Mitochondria function-specific polygenic risk score is significantly associated with later age at onset

Although multiple lines of evidence point to the importance of mitochondrial dysfunction as a primary cause of PD, impaired mitochondrial dynamics appears to be common to a wide range of neurodegenerative diseases, including Huntington’s disease,18,19 amyotrophic lateral sclerosis,20,21 and Alzheimer’s disease.22,23,24,25 The latter suggests that even when impaired mitochondrial function is not the primary event in disease pathogenesis, it is a common outcome and could contribute to disease progression. We sought to test this hypothesis by investigating the importance of common variation within our mitochondrial gene lists in determining the age at onset of PD (AAO). Given the significant lag period between PD pathophysiology and symptoms, AAO was used as an indirect measure of disease progression. This analysis was performed using PRS since it has been consistently found to be the main genetic predictor of AAO6,26,27,28 with higher genetic risk scores being significantly associated with an overall trend for earlier AAO of disease. While the primary mitochondrial gene list was not significantly associated with AAO of disease, the secondary gene list was correlated with AAO. Contrary to expectation, the cumulative burden of common variants within the 1326 genes comprising the PRS for PD risk were positively correlated with AAO of PD. After meta-analyzing, we found that each 1SD increase in PRS, led to a 0.55 year increase in the AAO of disease (summary effect = 0.211, 95% CI (0.141–0.970),|2 = 68.49%, p-value = 9.00E-03, Fig. 3). As the forest plots demonstrate, although there was a relatively high heterogeneity across studies, the directionality and magnitude of effect on AAO were in concordance with the meta-analysis with the exception of the Oslo cohort. This finding could suggest that firstly, disease causation and progression are genetically separable processes in PD and that secondly the role of mitochondrial dysfunction in PD is likely to be highly complex with multiple distinct mitochondrial processes likely to be involved at different disease stages.

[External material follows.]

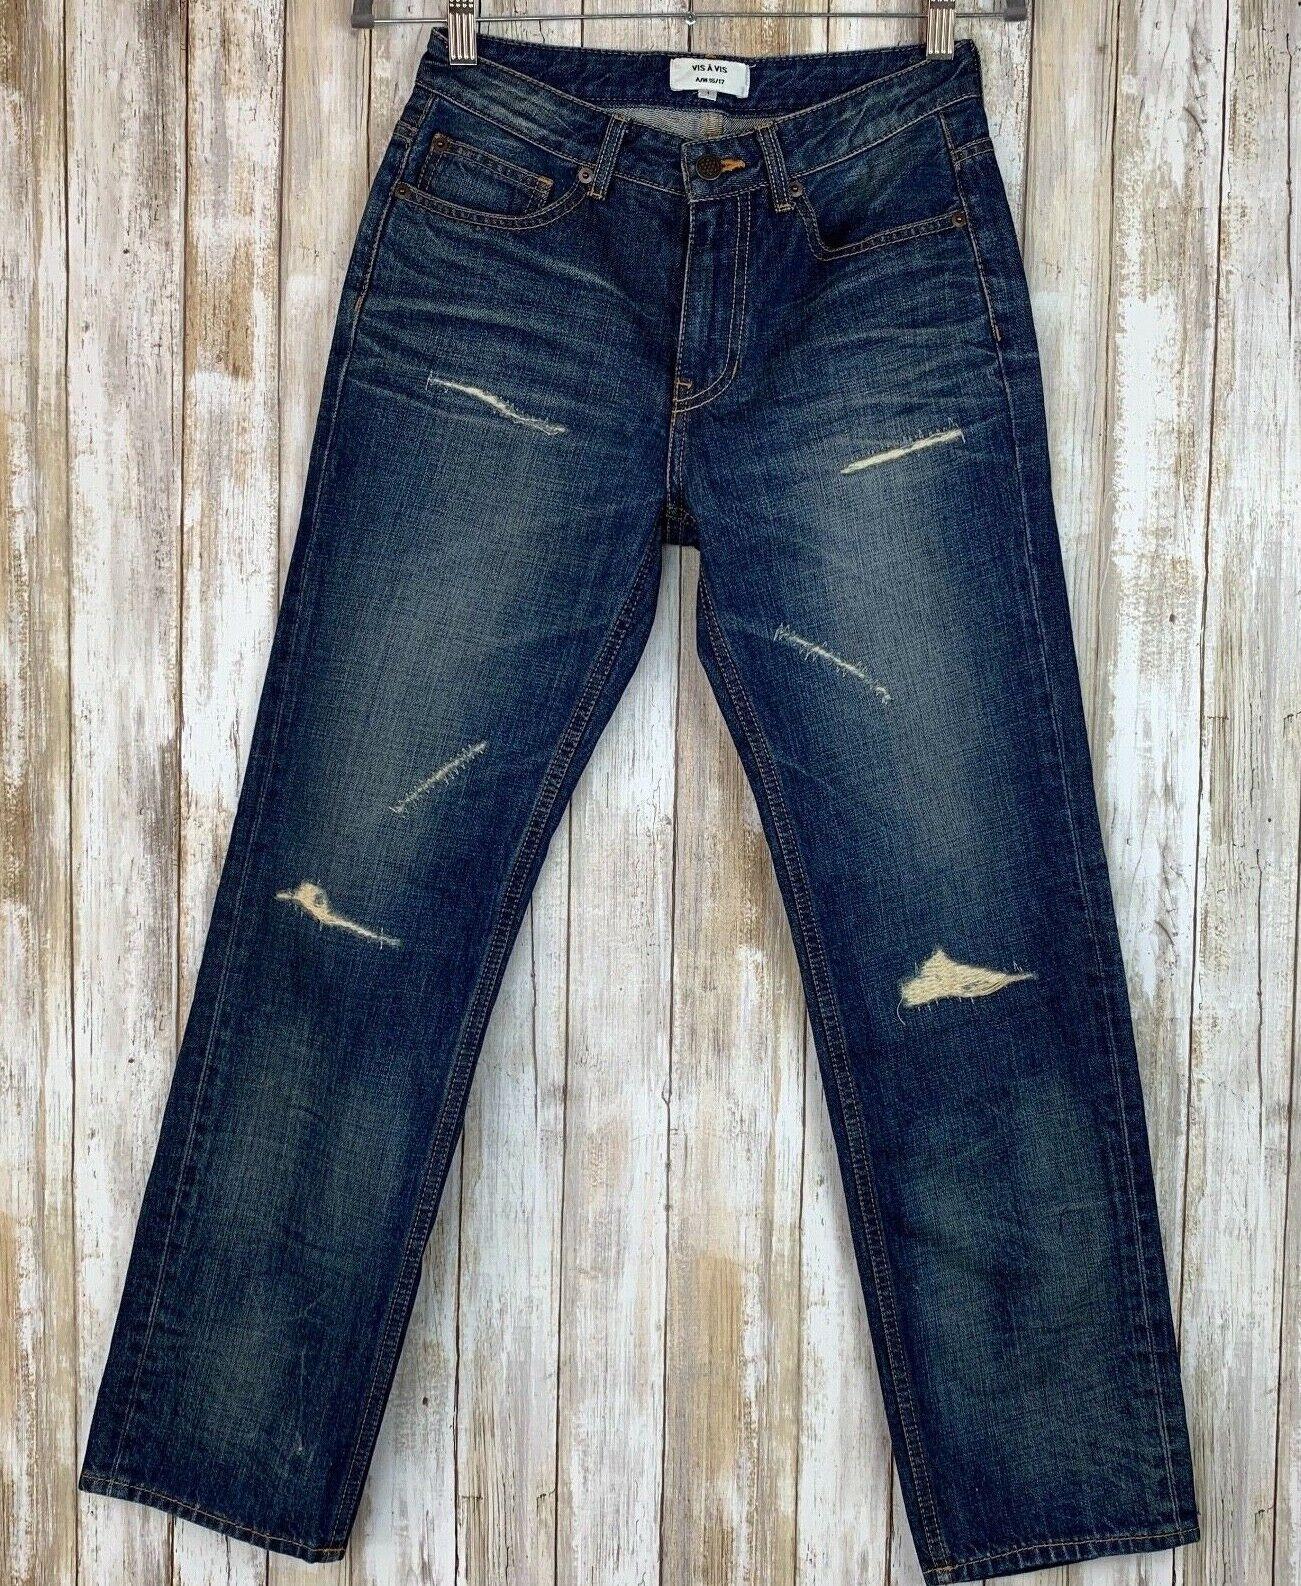 Vis A Vis Distressed bluee Denim Jeans Fall Winter Barneys Korea 1 25 26

Fig. 3: Forest plots of PRS for the age at onset of Parkinson’s Disease across cohorts.
figure 3

Random effect meta-analysis results are shown as red diamonds and fixed effects are shown as blue, with the centerline of each diamond representing the summary PRS for that dataset. OSLO = Oslo Parkinson’s Disease Study, PDBP = Parkinson’s Disease Biomarker’s Program, PPMI = Parkinson’s Progression Markers Initiative, German GWAS = (PMID:19915575), VANCE = Vance

Mendelian randomization suggests potential causal association of 14 novel mitochondria function genes with PD risk

Given the robust evidence for the involvement of mitochondrial function in sporadic PD, next we used two-sample MR analysis to identify specific genes likely to be important in PD risk. MR uses genetic variants to identify if an observed association between a risk factor and an outcome is consistent with causal effect.29 This method has been implemented in several recent genetic studies to identify association between expression quantitative trait loci (QTL), to more accurately nominate candidate genes within risk loci. Therefore, for this study, in the aim of identifying whether changes in expression of mitochondria function genes are potentially causally related to PD risk, two-sample MR was implemented.

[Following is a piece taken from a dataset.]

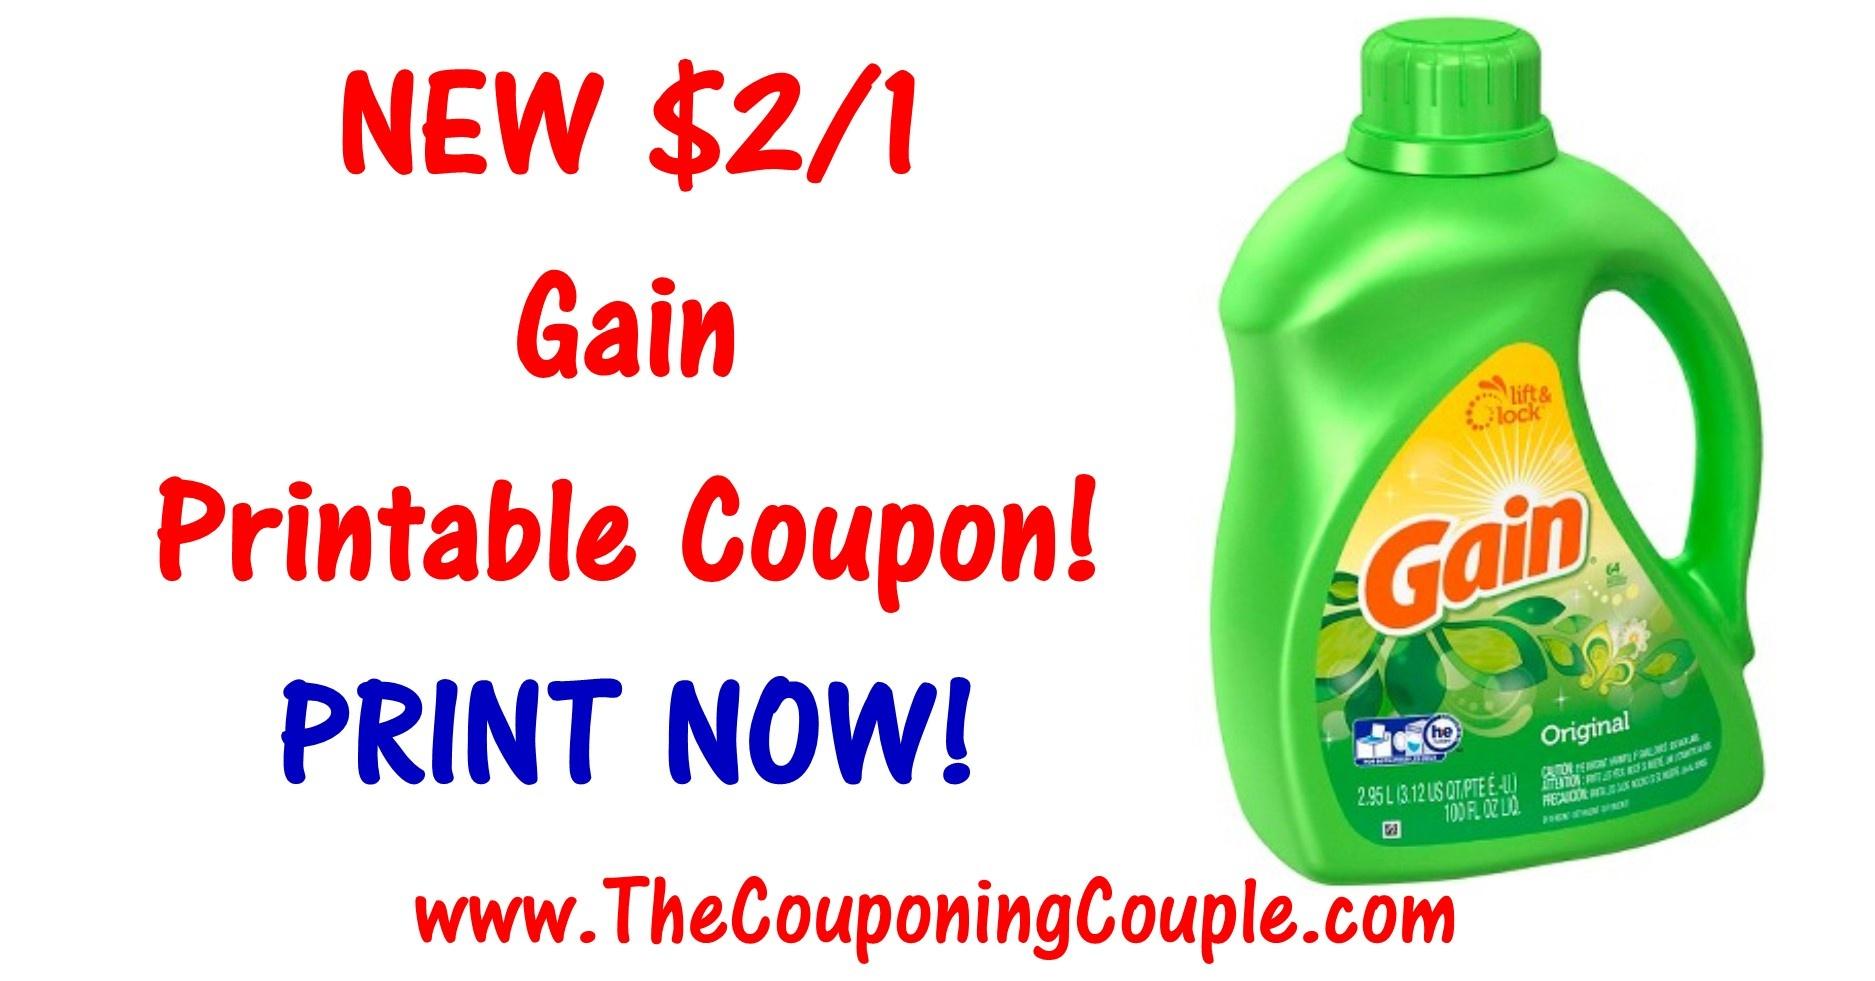 New Gain Printable Coupon ~ Print $2/1 Coupon Now! - Gain Coupons Free Printable

Since we wanted to identify novel associations, we excluded genes already linked to PD through the most recent GWAS meta-analysis.6 This resulted in the exclusion of 31 genes linked to mitochondrial function and in linkage disequilibrium with the top PD risk variants. Analysis of the remaining 1432 genes (generated by combining the primary and secondary gene lists) resulted in the identification of 14 novel genes linked to mitochondrial function and causally associated with PD risk (Table 3). Of the 14 genes, the expression of five genes (CLN8, MPI, LGALS3, CAPRIN2, and MUC1) was positively associated with PD risk in blood. Similarly, in brain PD risk was associated with increased expression of ATG14, E2F1, and EP300 in brain. However, negative associations in brain and blood expression were observed for MRPS34 and PTPN1 and LMBRD1, respectively. Finally, elevated methylation of FASN in the brain was found to be positively associated with PD risk but elevated methylation of CRY2 was found to be inversely correlated.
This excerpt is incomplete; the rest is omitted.